My children love camping. It's probably not top of the pops for my first choice on the family holiday charts, but knowing how much my children love it, makes all the effort worthwhile. We have camped a fair bit. Our favourite destinations; Cyclinder Beach on Stradbroke Island (camped 3 years in a row at Christmas time), Kamarooka (x2), EasterFest (x 4) & Dicky Beach (now x 2).

By BCF (Boating, Camping & Fishing store) standards we are budget campers, not your 5 star variety with all the fancy, flash camping gear that opens & shuts, but we do take the kitchen sink! We have gradually acquired camping gear over the years and deliberately try to keep it simple to minimise fuss.

However the best part of camping is who we do it with.
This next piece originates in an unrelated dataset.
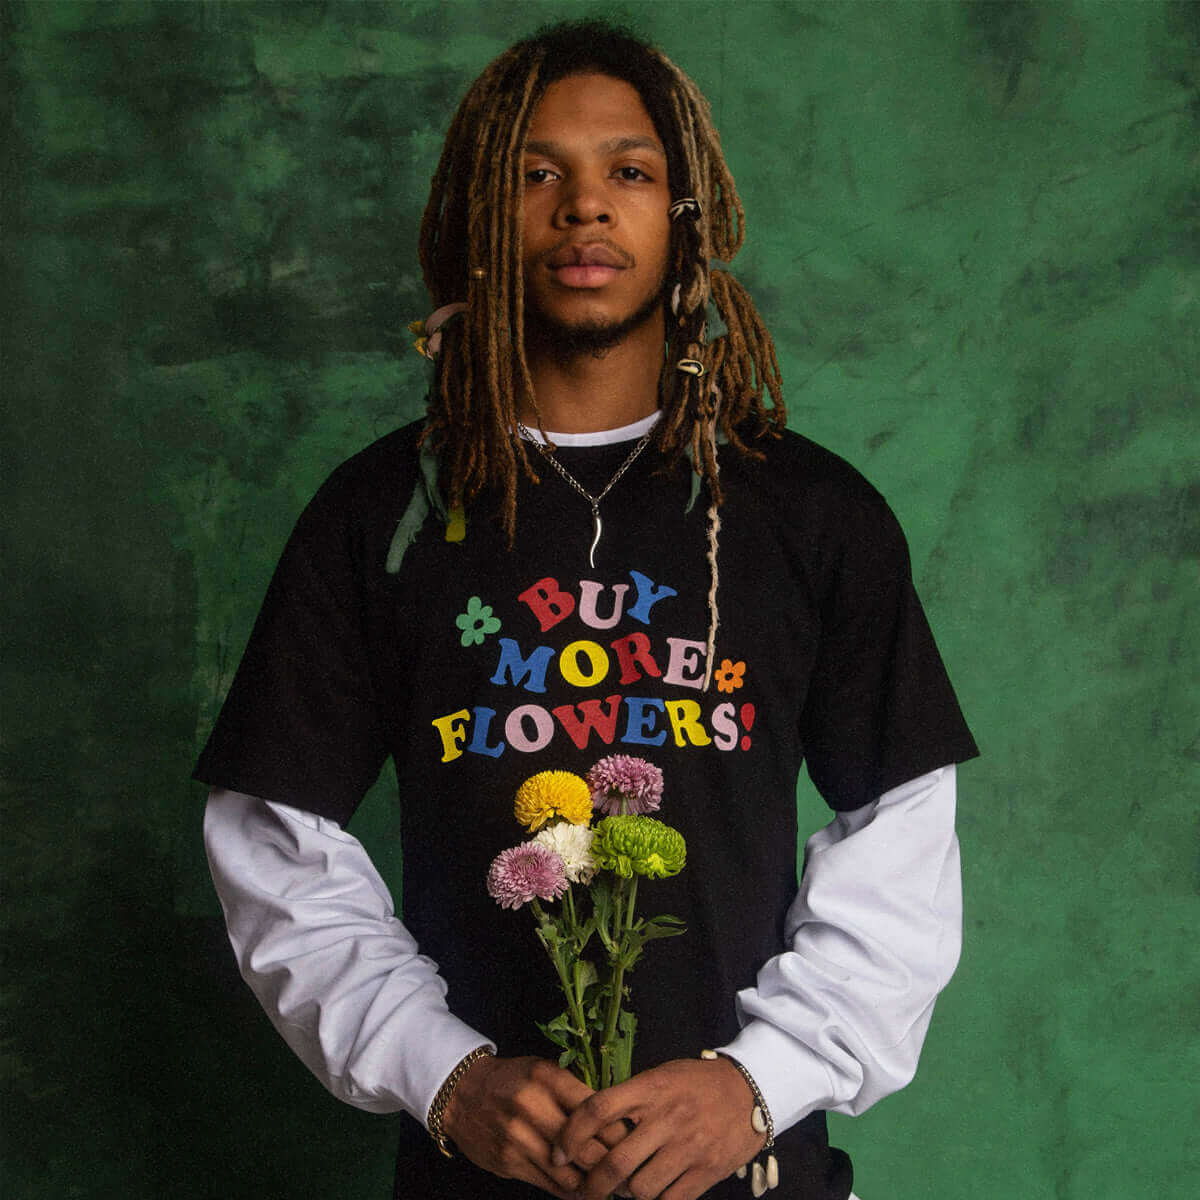 "Buy More Flowers!" Shirts by Steven Othello

We have always camped with other families, a- la community style. Again proving that no great expense is needed to have fun. Sharing camping adventures with others has created some of the best family holidays my children recall. The memories of togetherness and something about being stripped of familiar creature comforts such as electricity & running water that smacks of reality & what is really important in life - each other.